Problem details >> In the material below, find the line containing "Acumatica Connected Cloud Advantages" and output it and all lines after it exactly, through the last one, without the pictures.

[[ Dataset content, beginning ]]

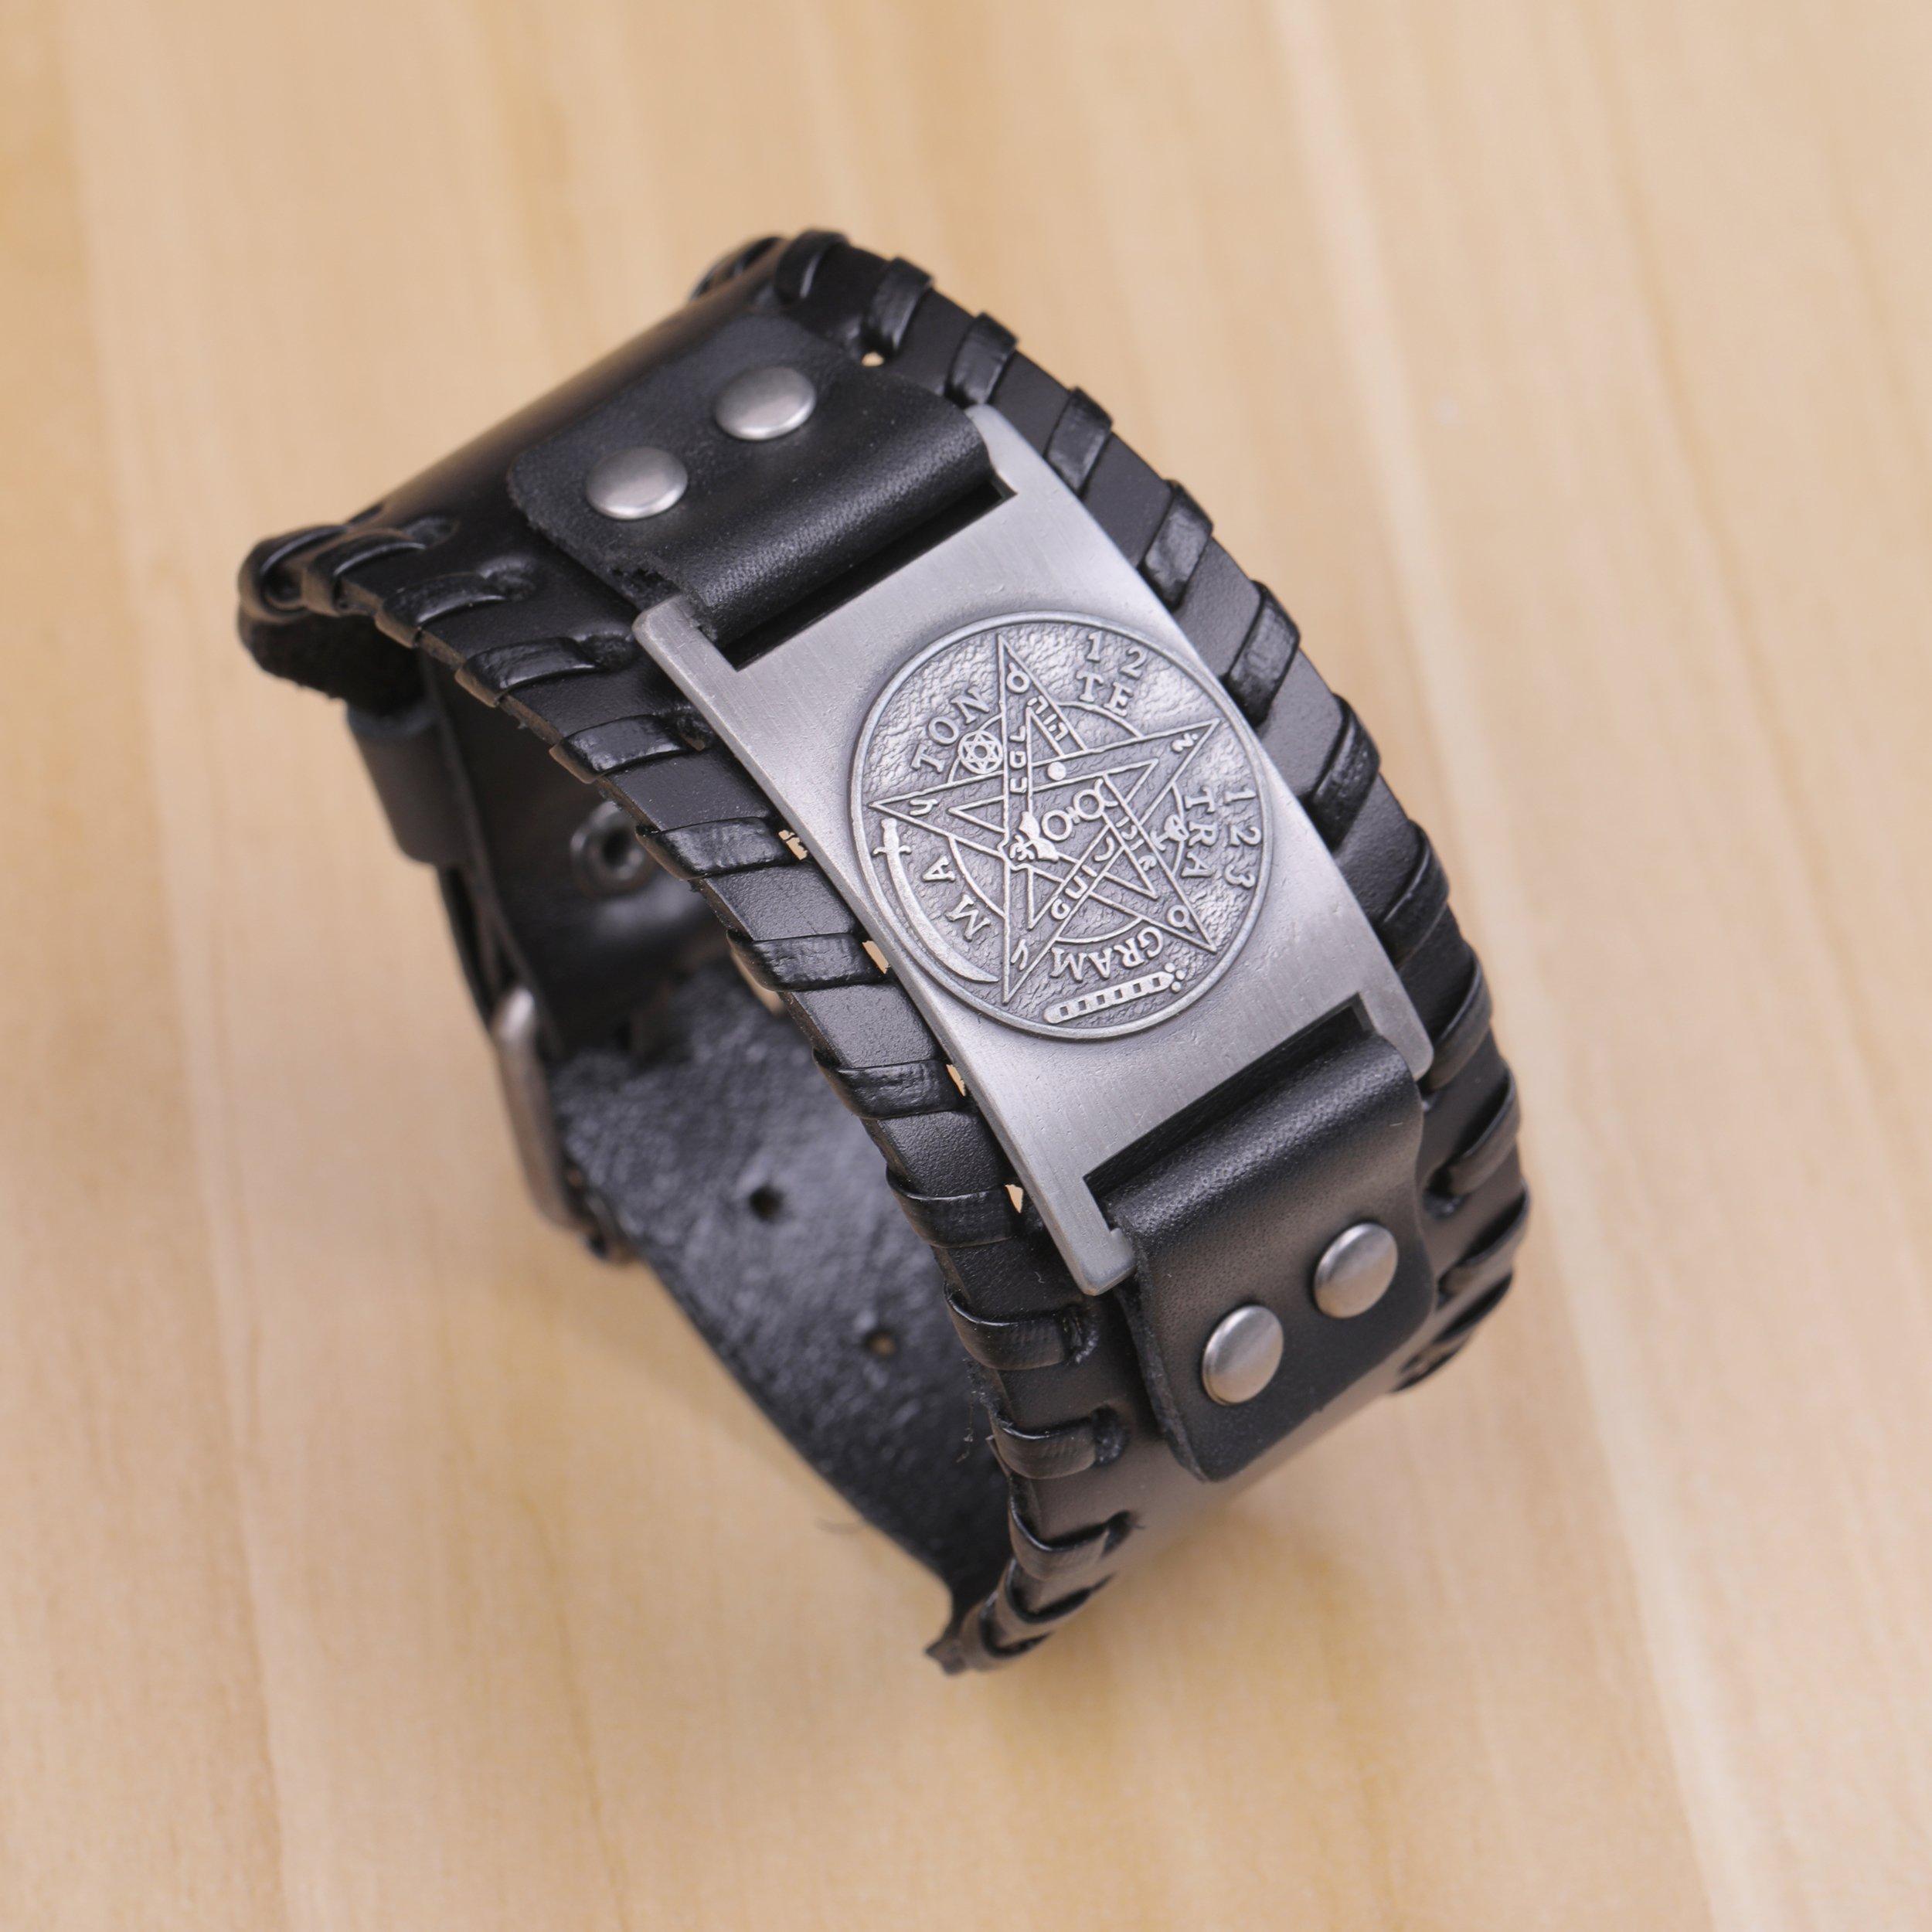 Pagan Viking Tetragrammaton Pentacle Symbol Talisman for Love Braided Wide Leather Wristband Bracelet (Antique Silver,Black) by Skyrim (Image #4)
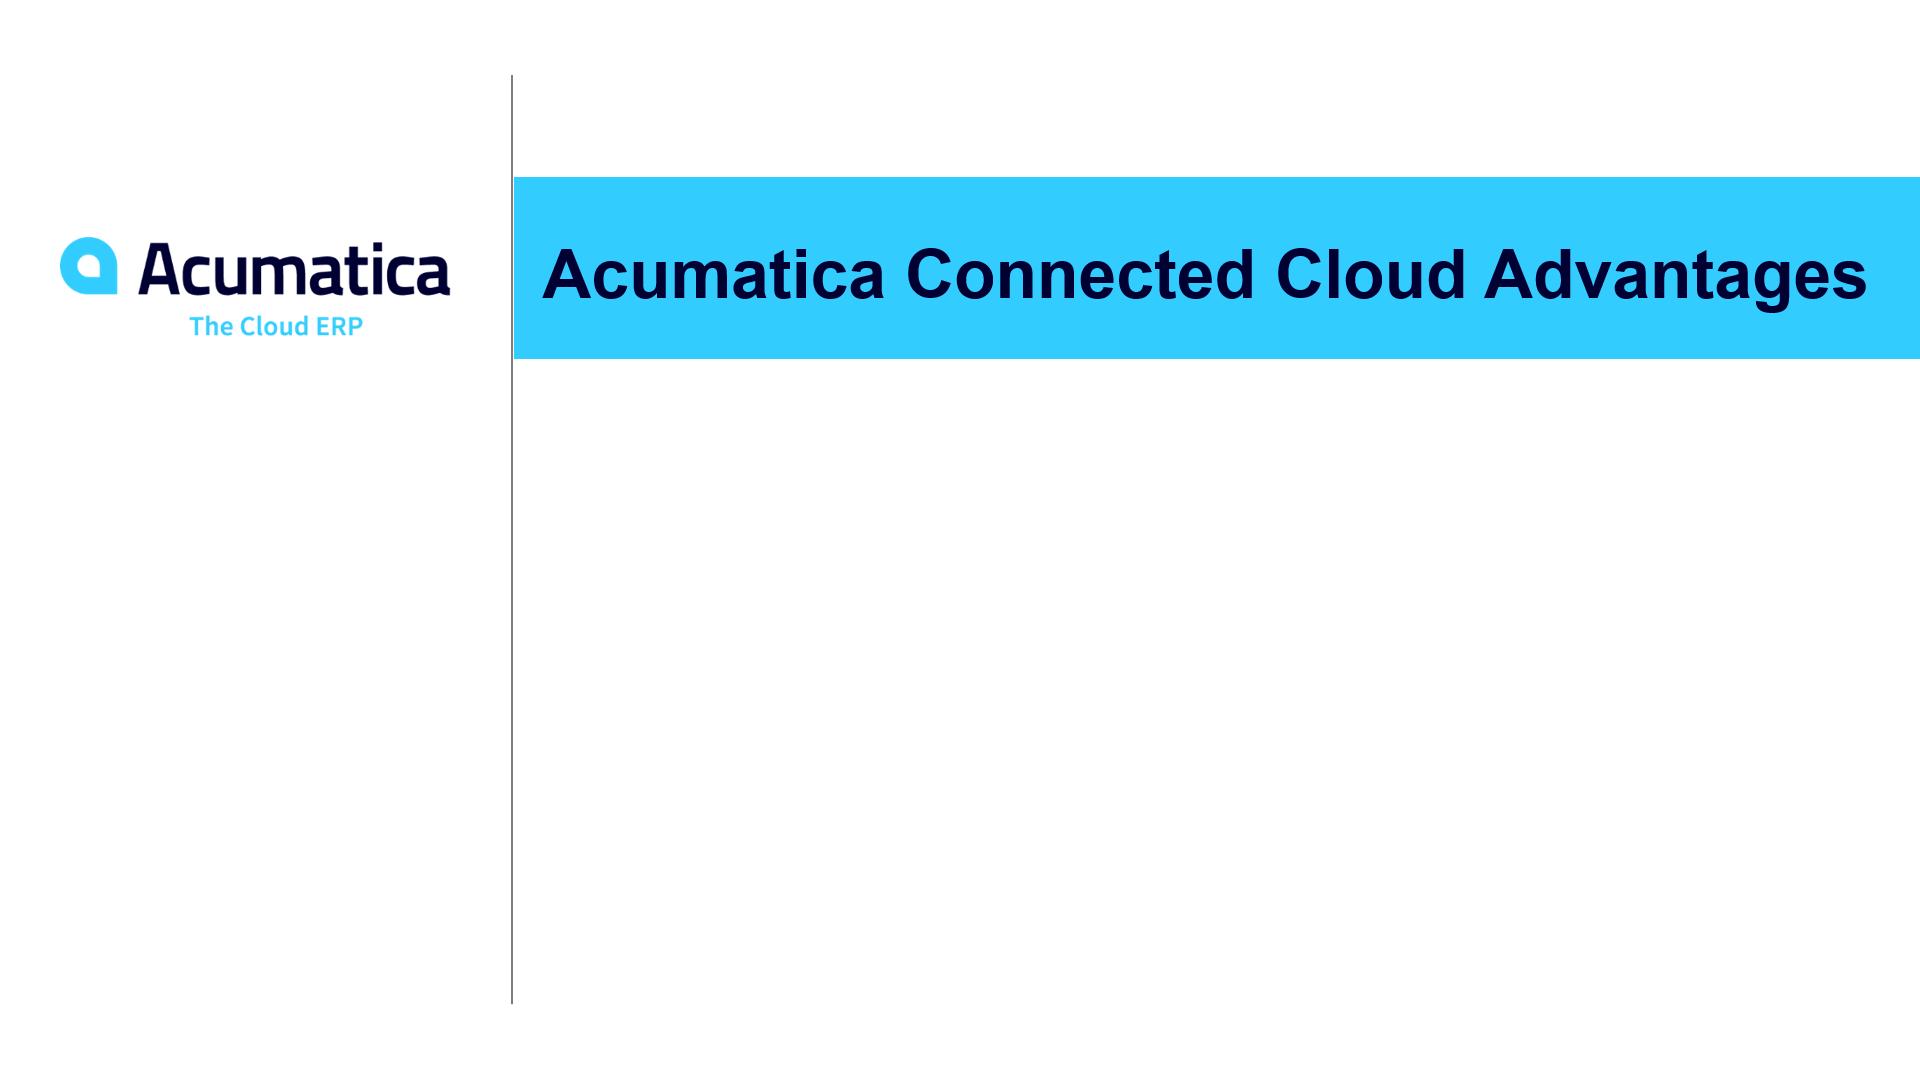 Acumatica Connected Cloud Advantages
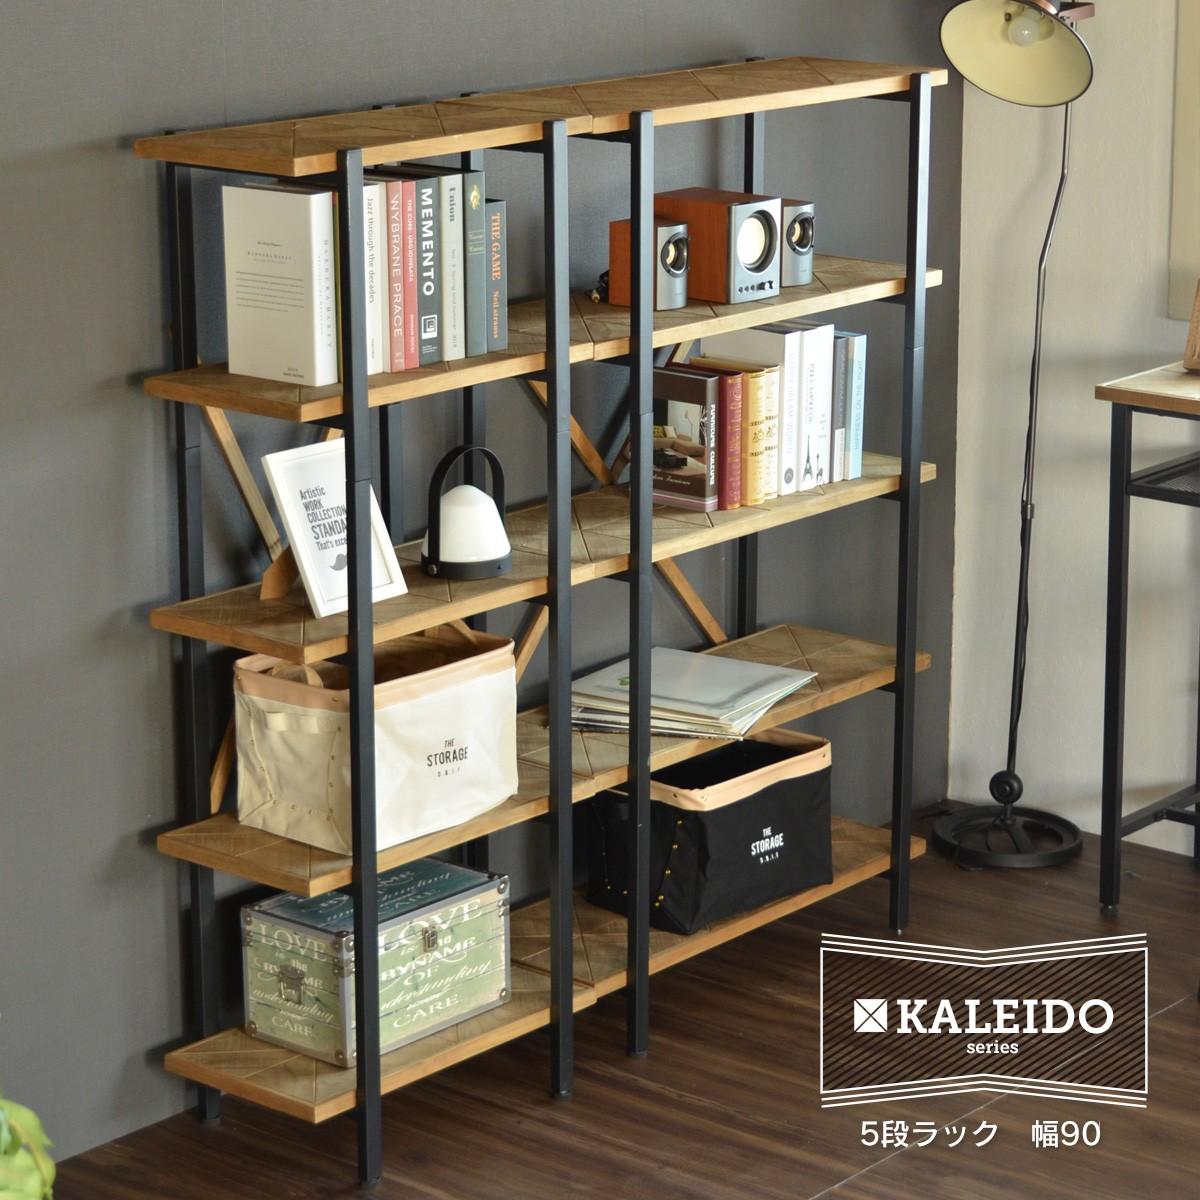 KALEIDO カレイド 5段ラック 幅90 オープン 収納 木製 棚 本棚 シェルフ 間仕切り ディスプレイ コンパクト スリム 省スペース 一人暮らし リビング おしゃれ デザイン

[[ Dataset content, end ]]

Answer to this exercise >>
 Acumatica Connected Cloud Advantages
 KALEIDO カレイド 5段ラック 幅90 オープン 収納 木製 棚 本棚 シェルフ 間仕切り ディスプレイ コンパクト スリム 省スペース 一人暮らし リビング おしゃれ デザイン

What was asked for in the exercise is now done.